Dataset extract
= Beginning of Section =
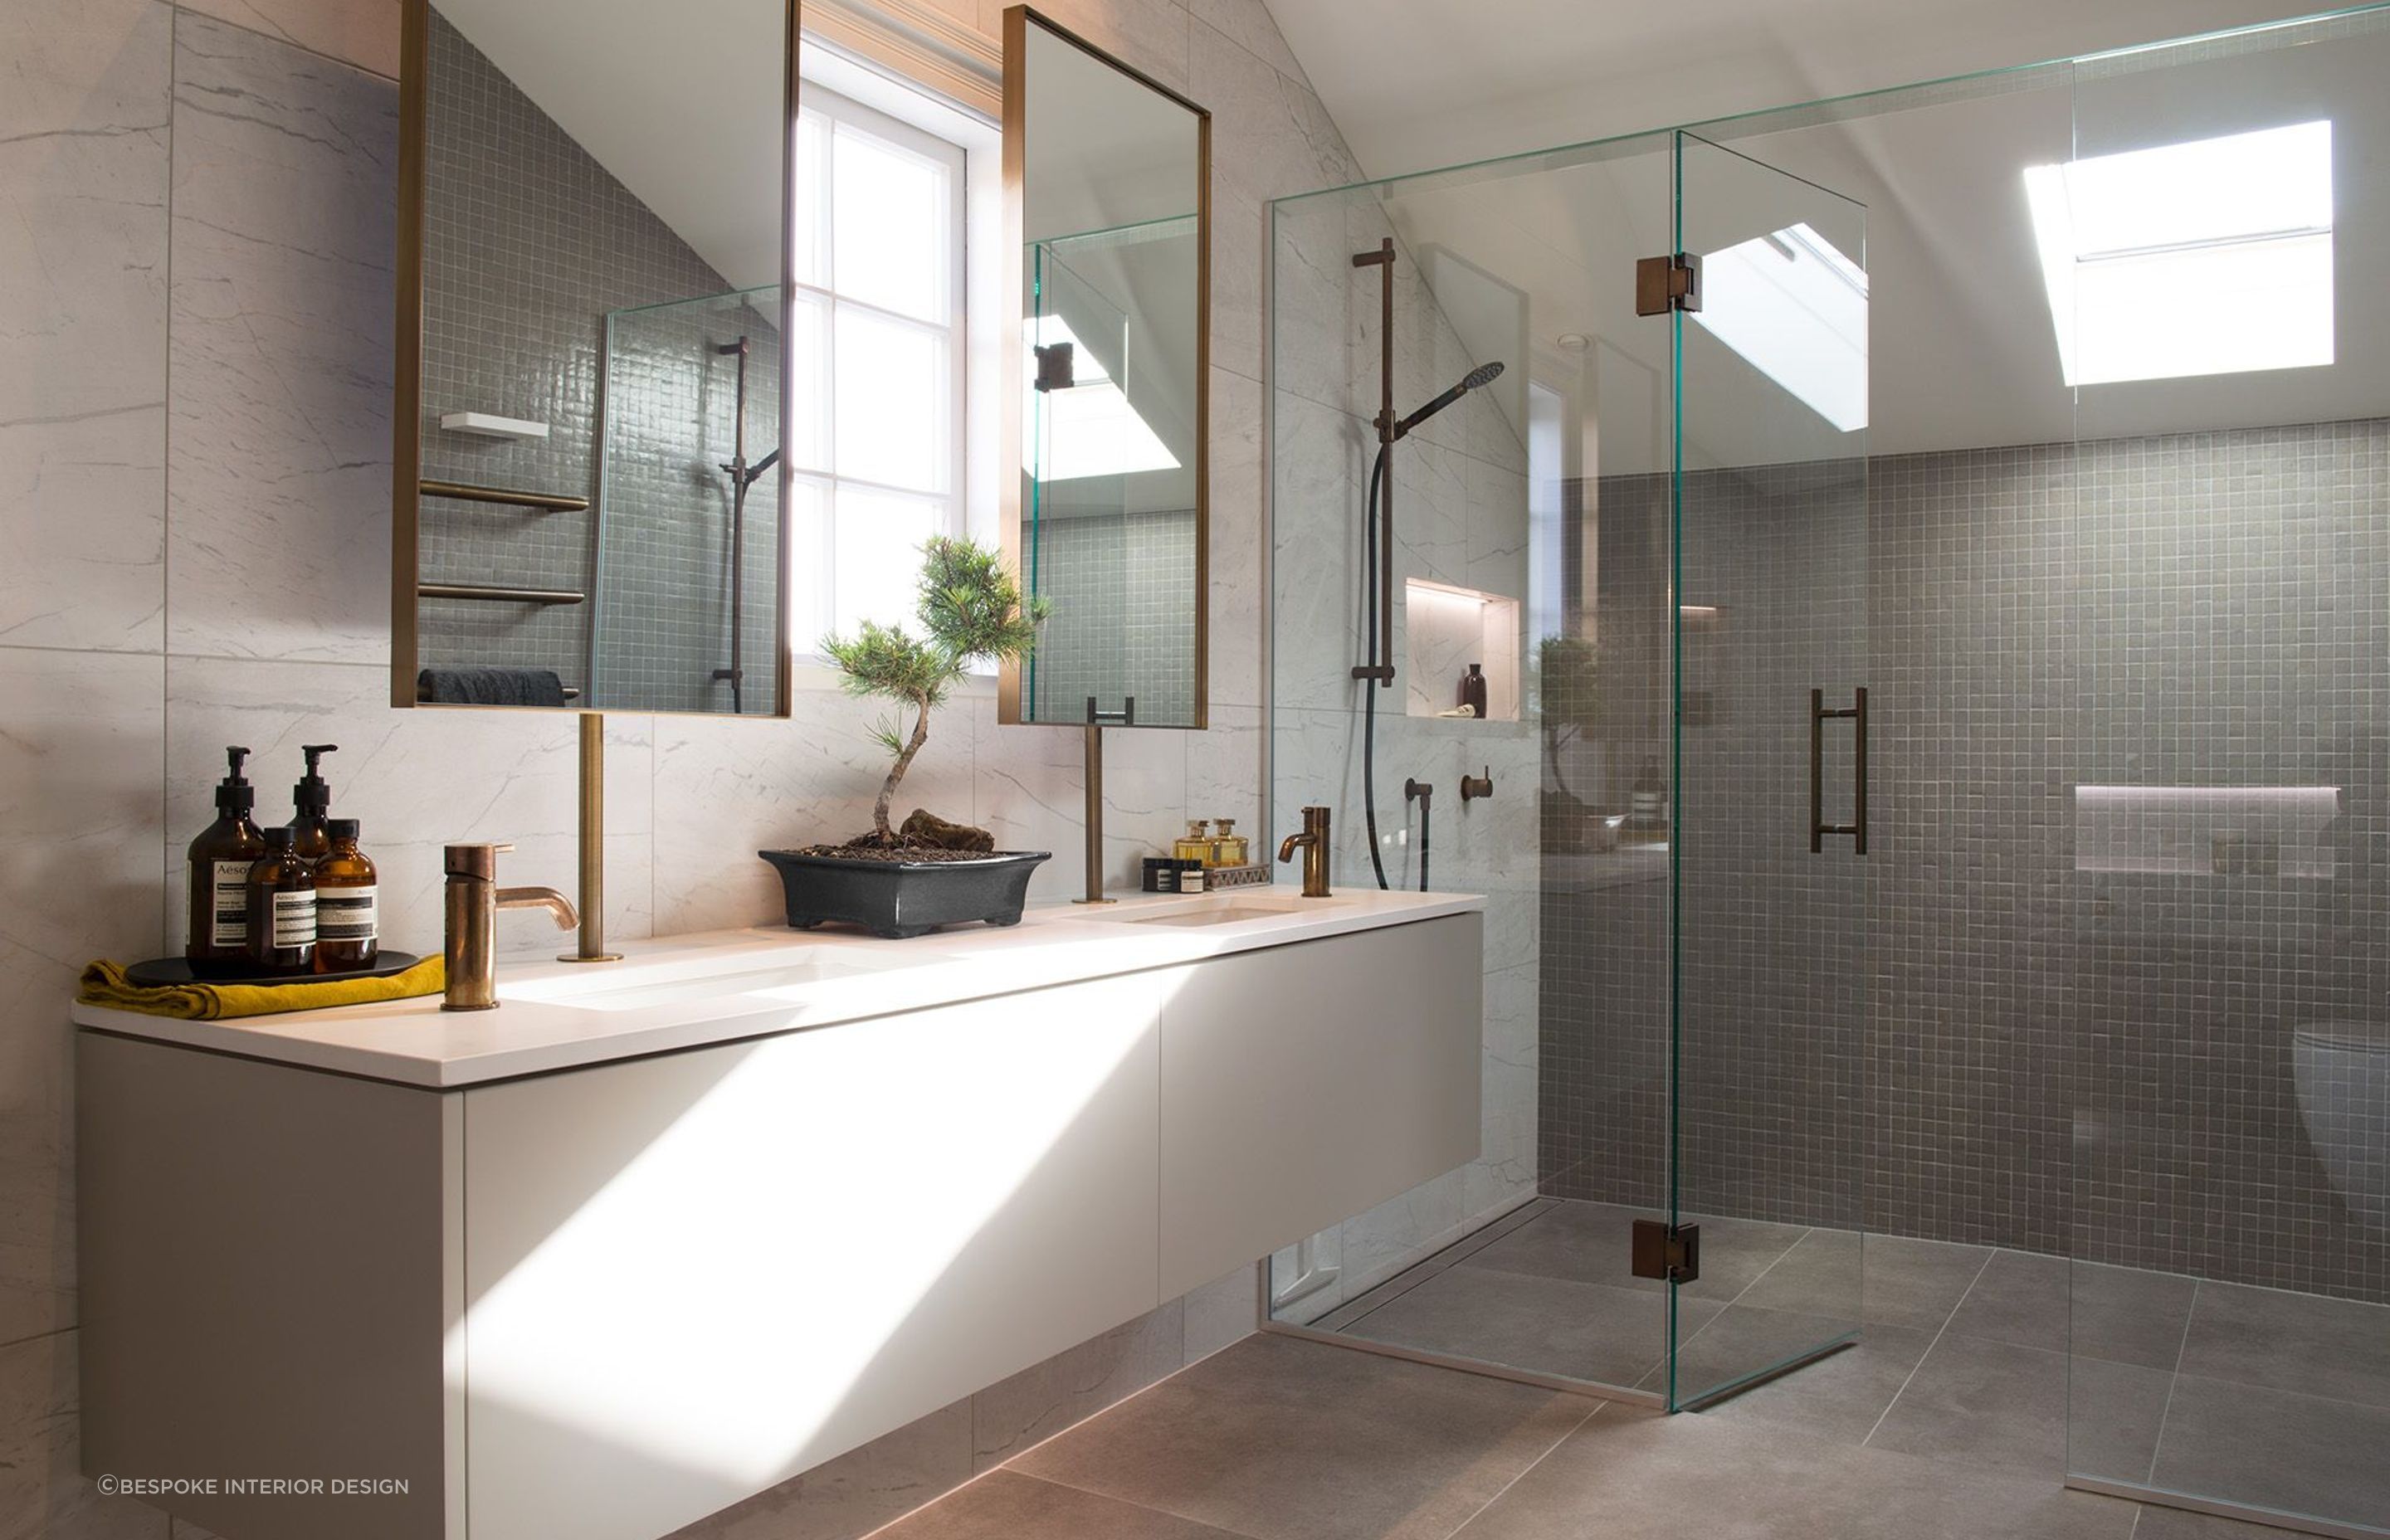 It's hard to beat the look and feel of a high-quality bathroom renovation as seen here at Rangitoto House in Remuera
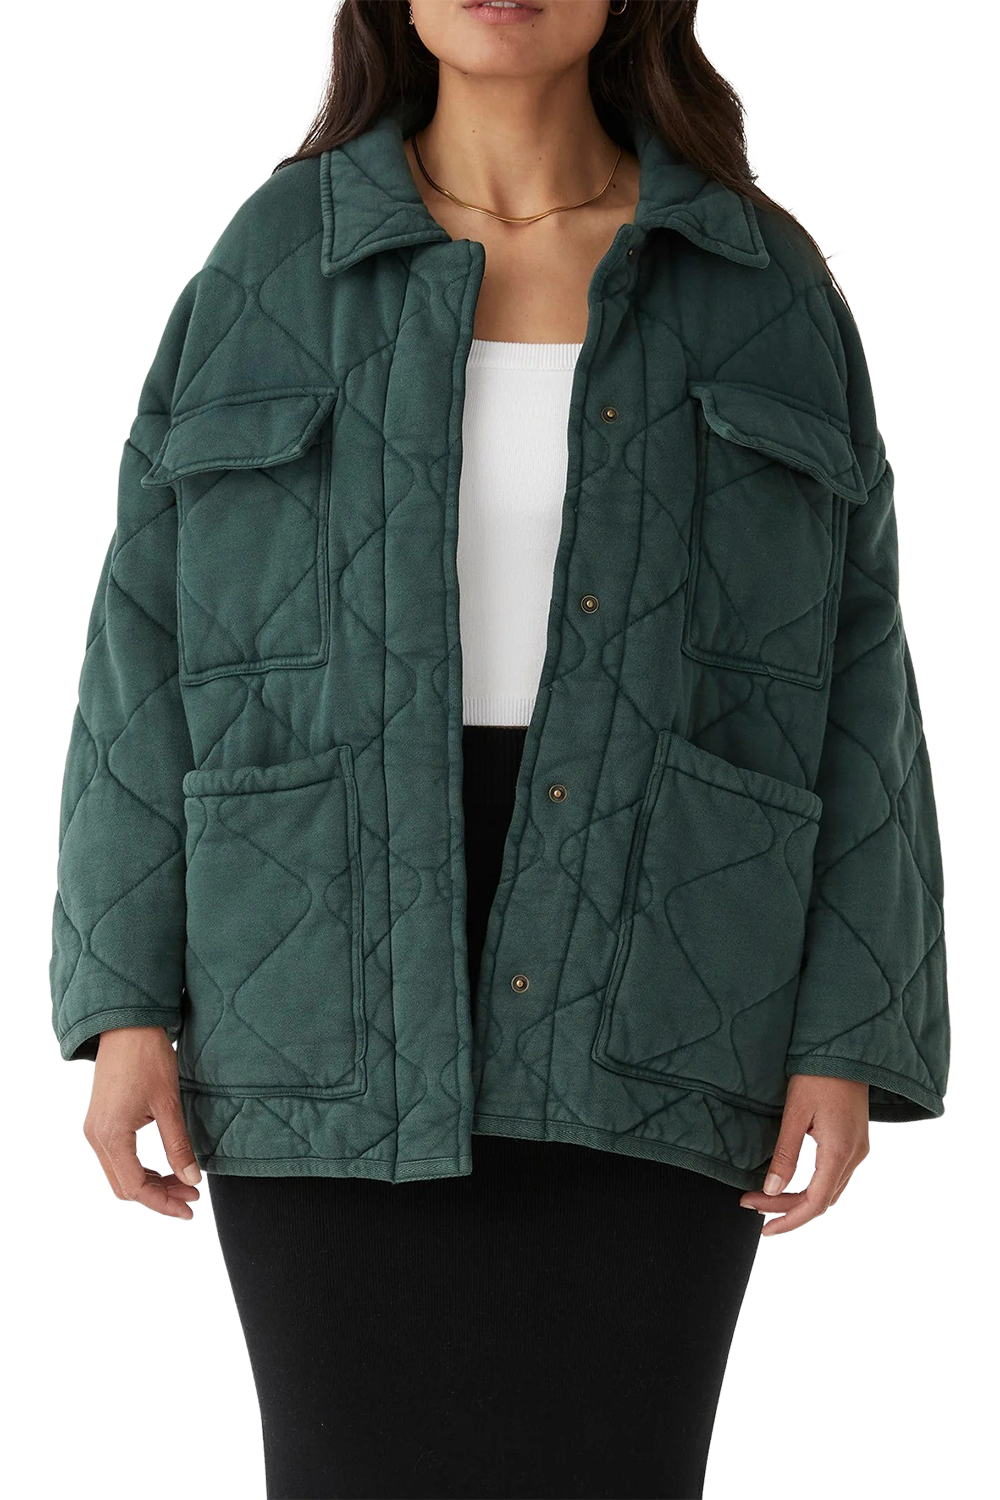 Sia Jacket - Forest
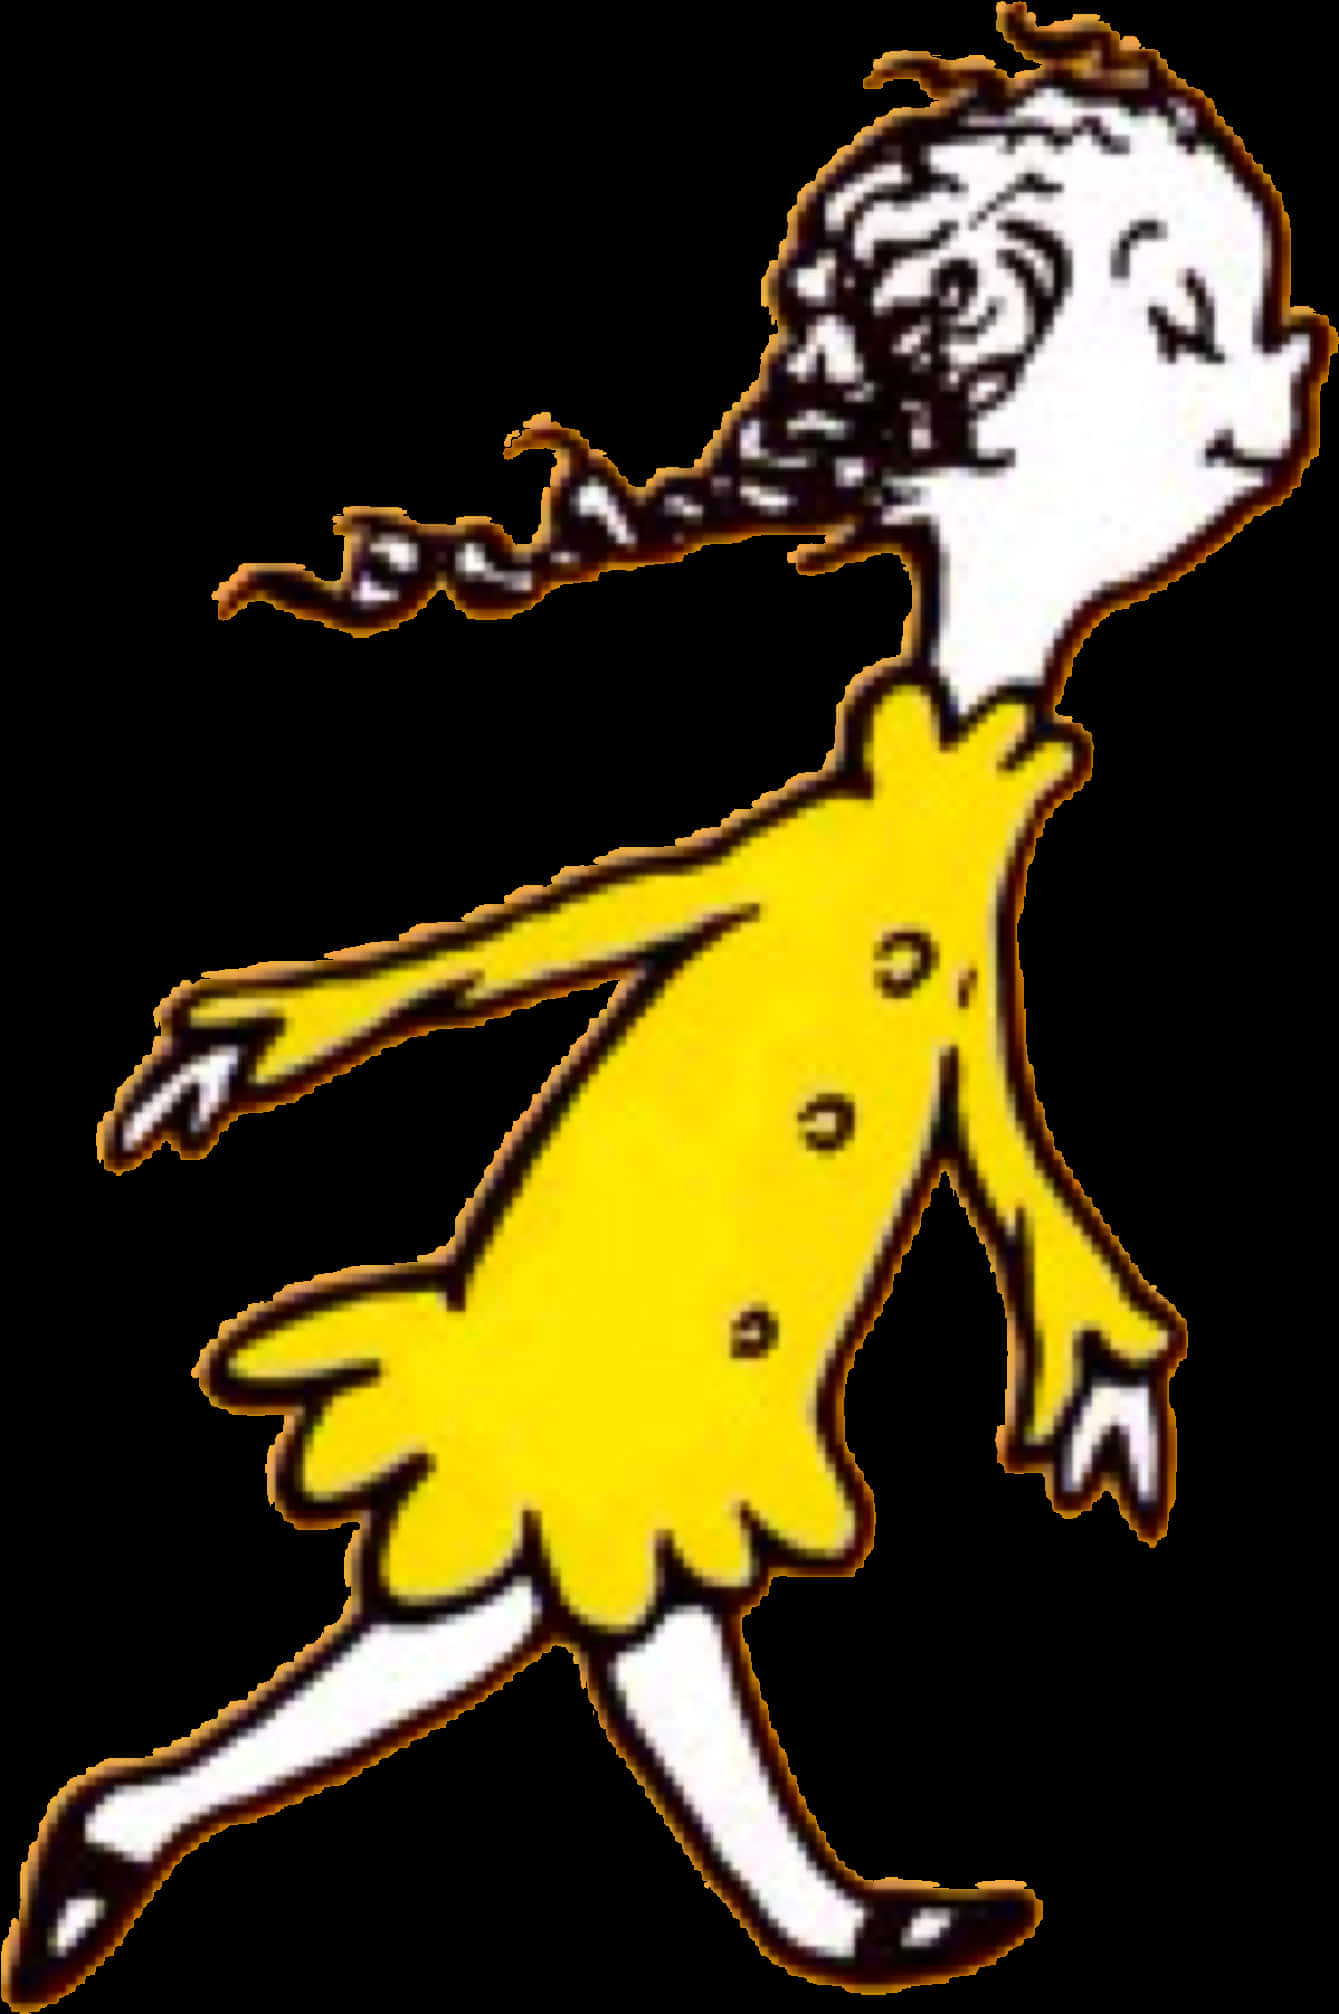 A Cartoon Character In A Yellow Dress
= End of Section =
Work to be completed
Every line from the one containing "Sia Jacket - Forest" through the last line of the data, both included, is to be repeated exactly; the pictures are to be left out.

Response area
 Sia Jacket - Forest
 A Cartoon Character In A Yellow Dress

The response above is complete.